Studies were identified via a search of electronic databases in April 2021. To identify studies from the life sciences, the databases MEDLINE and CINAHL were searched. Moreover, searches in PsycInfo, PsycArticles, and PSYNDEX were conducted to locate psychological studies on the topic. Due to resource limitations, the search was not extended to all databases used by Goyal and colleagues (2014). Additionally, a search of Web of Science was undertaken to include studies from other disciplines as well as conference abstracts. Furthermore, authors were contacted to obtain reports that are not accessible or information, which was not reported but necessary to confirm inclusion, to include the corresponding study in the analysis. During the review process, 27 authors were contacted. Eight authors responded, and six provided full texts or data. As publication bias is an additional issue for interpreting meta-analytic results, we tried to also search for gray literature, which are reports on research not published in traditional academic journals. To do this, a search of the platform opengrey.eu, which lists gray literature, was conducted.

Study Selection

All citations of studies identified in the search as well as their abstracts, if available, were exported to the reference management tool EndNote for the screening process. Study titles and abstracts were first screened for eligibility, and, if possible, eligible study full texts were obtained. In a next step, full texts were screened and it was finally decided whether the study was included into the analysis. Information relevant for analysis and some descriptive information were collected in a table for all included studies. Screening and later coding of reports were carried out by the first author (the screening manual and form are provided in Tables S1–S3 in supplementary materials).

Data Collection

Data were collected on the level of (1) report (authors, year, publication type), (2) study (country, setting, time frame, number of participants, diagnosis, demographic characteristics of participants), (3) treatment and comparison (treatment and comparison type, short description, duration of the program, homework, harm), (4) outcome (name of measure or scale, construct measured, minimum and maximum values, meaning of high values), and (5) effect size data (post/follow-up, group sizes, means and SDs of the groups, any adjustments to the mean). Accordingly, a data collection form and a manual were developed and pilot-tested on some reports (the coding manual and data collection forms are provided in Tables S4 and S5 in the supplementary materials). A second coder with a PhD and experience in coding extracted information from 40 studies selected by chance from the 77 studies. The inter-rater reliability was computed using the α coefficient of reliability proposed by Krippendorff (1980). A coefficient of 1 indicates perfect reliability. If the agreement between coders is as high as expected by chance, α is 0. A common requirement for an acceptable inter-rater reliability is an α of at least 0.8 (Krippendorff, 2004).

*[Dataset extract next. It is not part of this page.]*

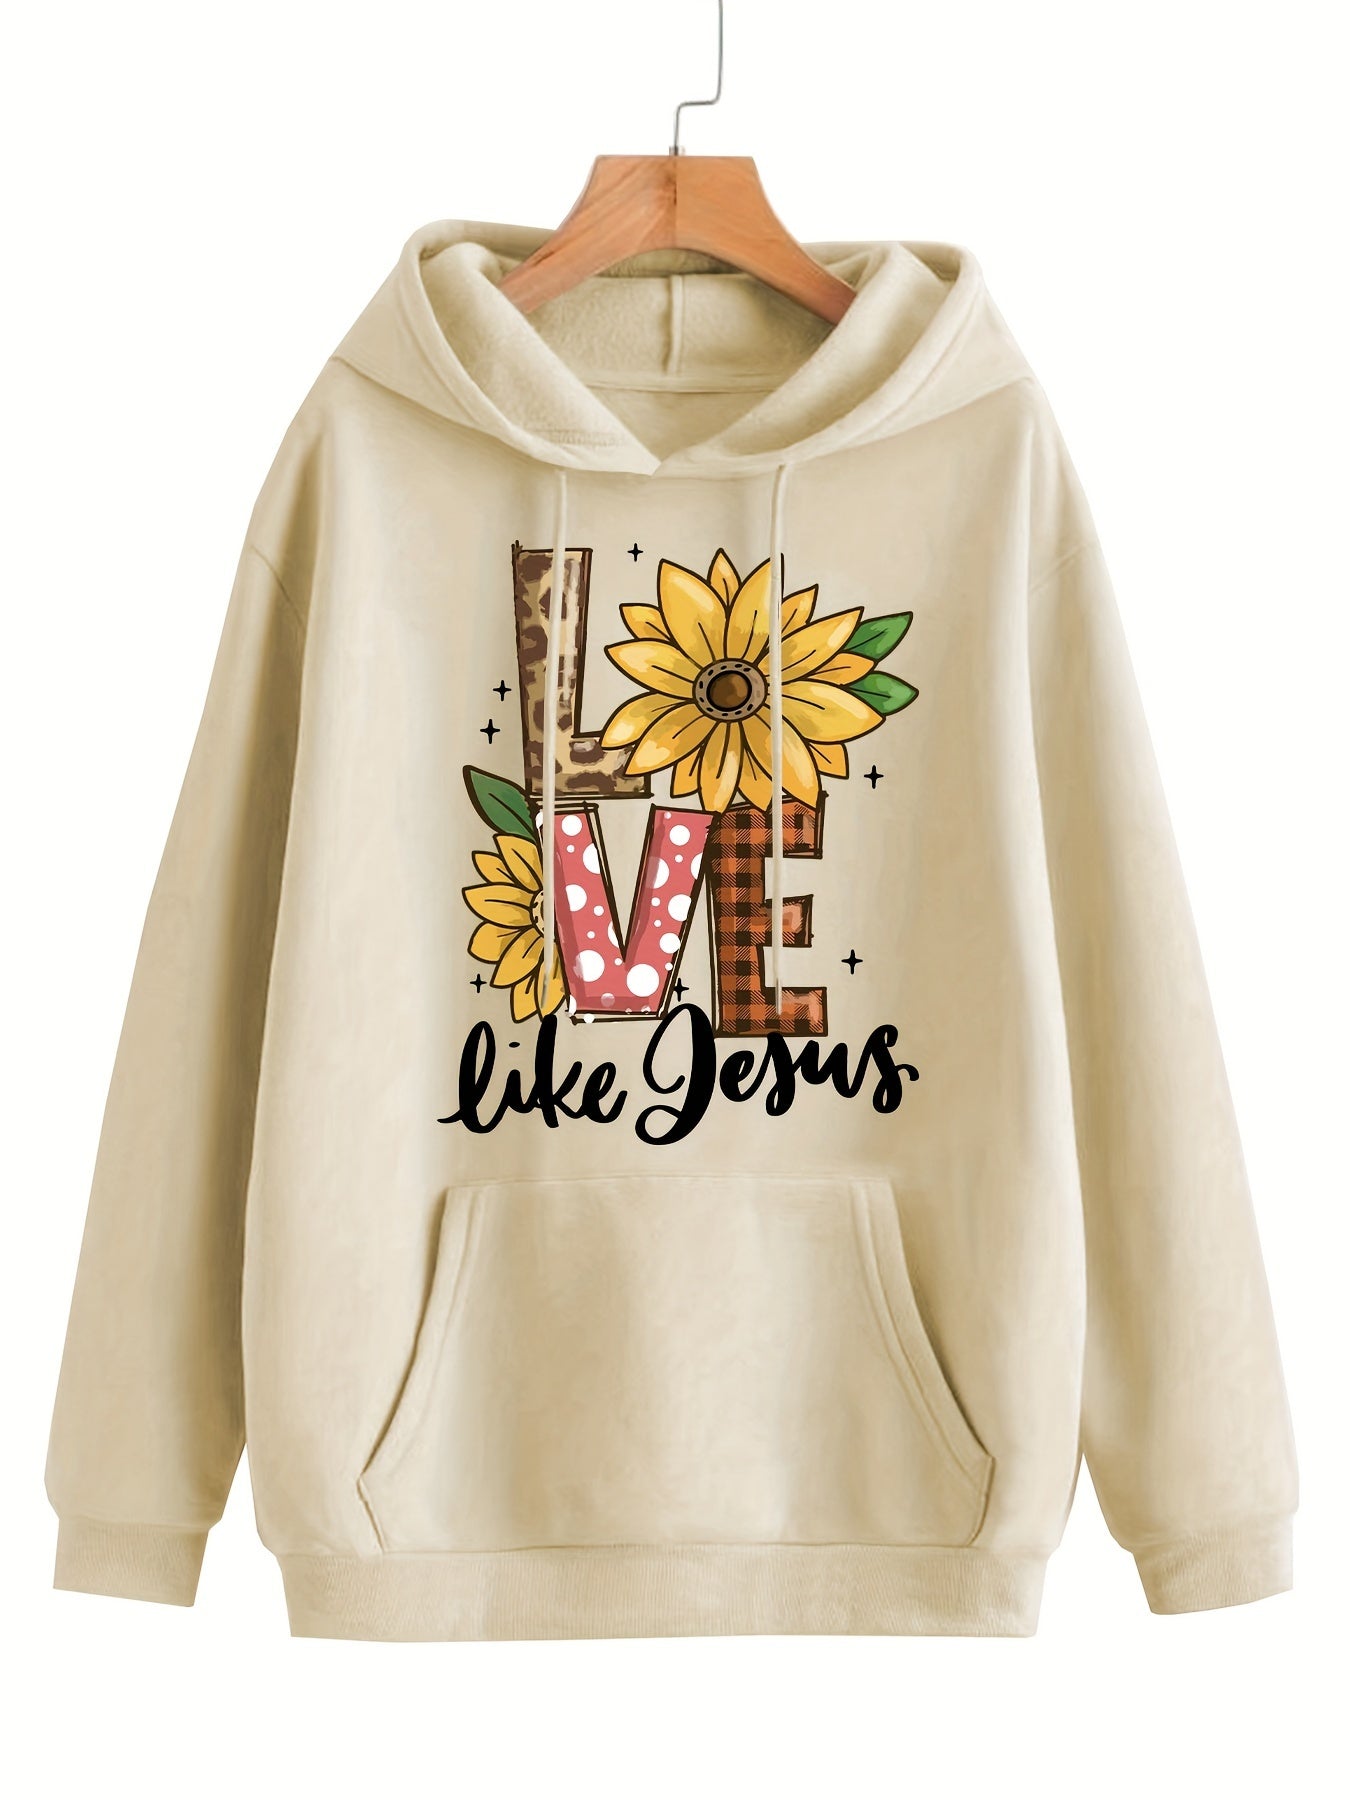 Love Like Jesus Women's Christian Pullover Hooded Sweatshirt claimedbygoddesigns
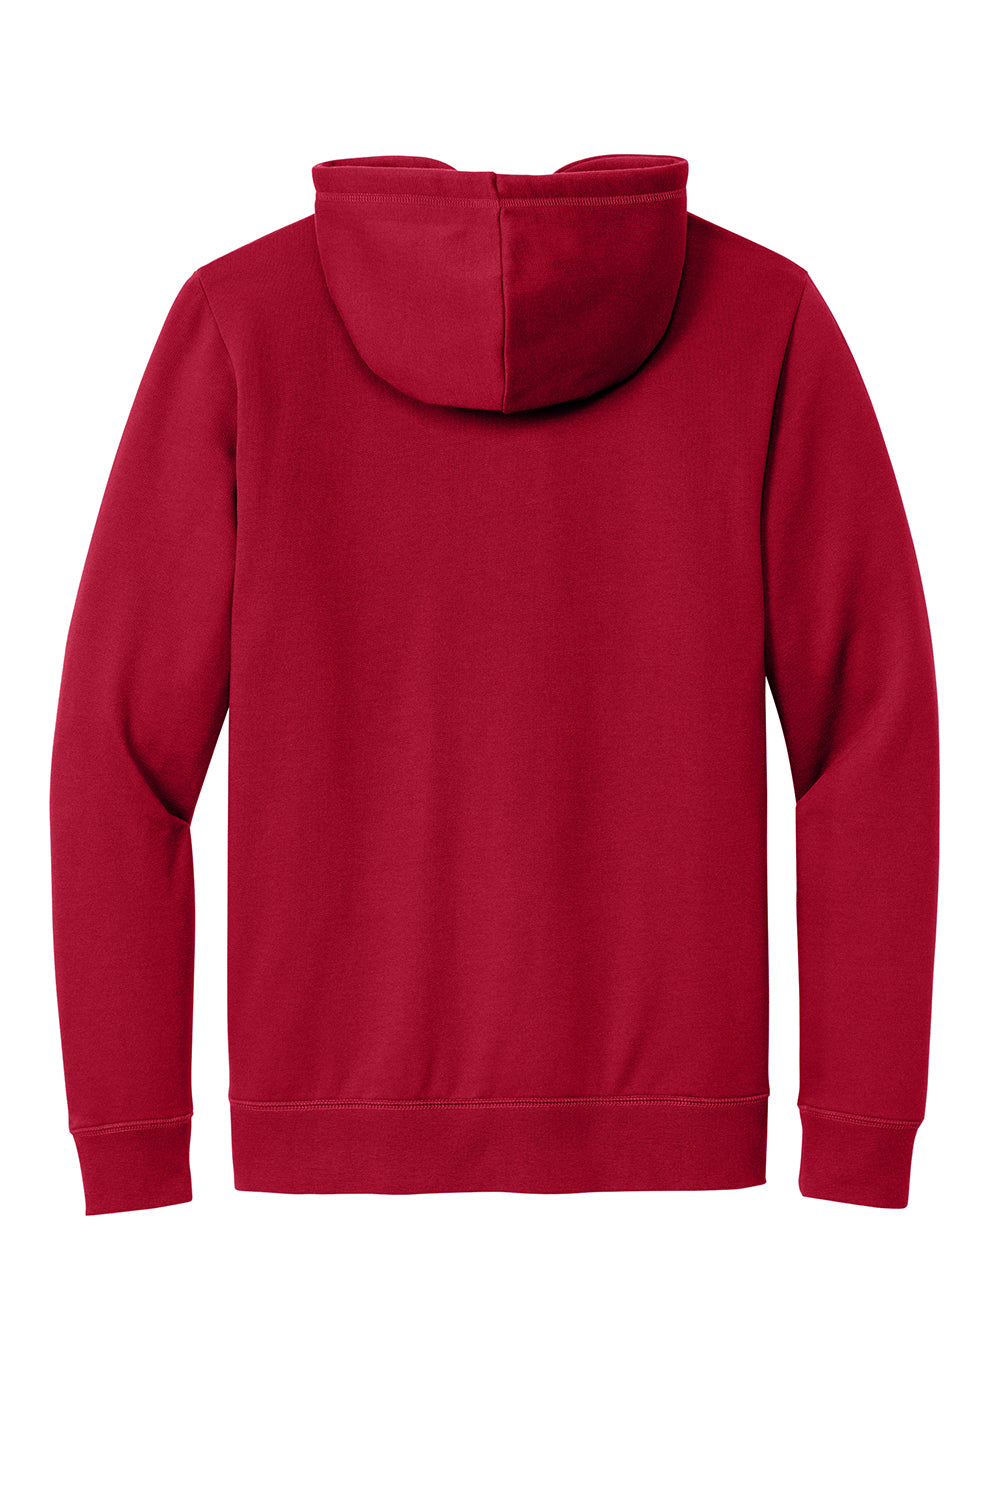 New Era NEA550 Mens Comeback Fleece Hooded Sweatshirt Hoodie Crimson Red Flat Back

For most of the variables, an α higher than 0.9 was reached (details are shown in Appendix L). Disagreements were solved, and for the few variables with α less than 0.8, coder 1 was right in most cases, speaking for the high quality of the coding of all studies.

Risk of Bias in Individual Studies

The risk of bias was assessed via the Cochrane risk of bias 2 (RoB2) tool (version of 22 August 2019) for RCTs (Higgins et al., 2021; Sterne et al., 2019) as a proxy to determine internal validity of individual studies. The tool encompasses five bias domains (randomization process, deviations from the intervention, missing data, measurement of the outcome, and reporting), each including several signaling questions for which judgments are recorded. Domain judgments can be determined for each domain and an overall judgment as low risk of bias, no concern, or high risk of bias.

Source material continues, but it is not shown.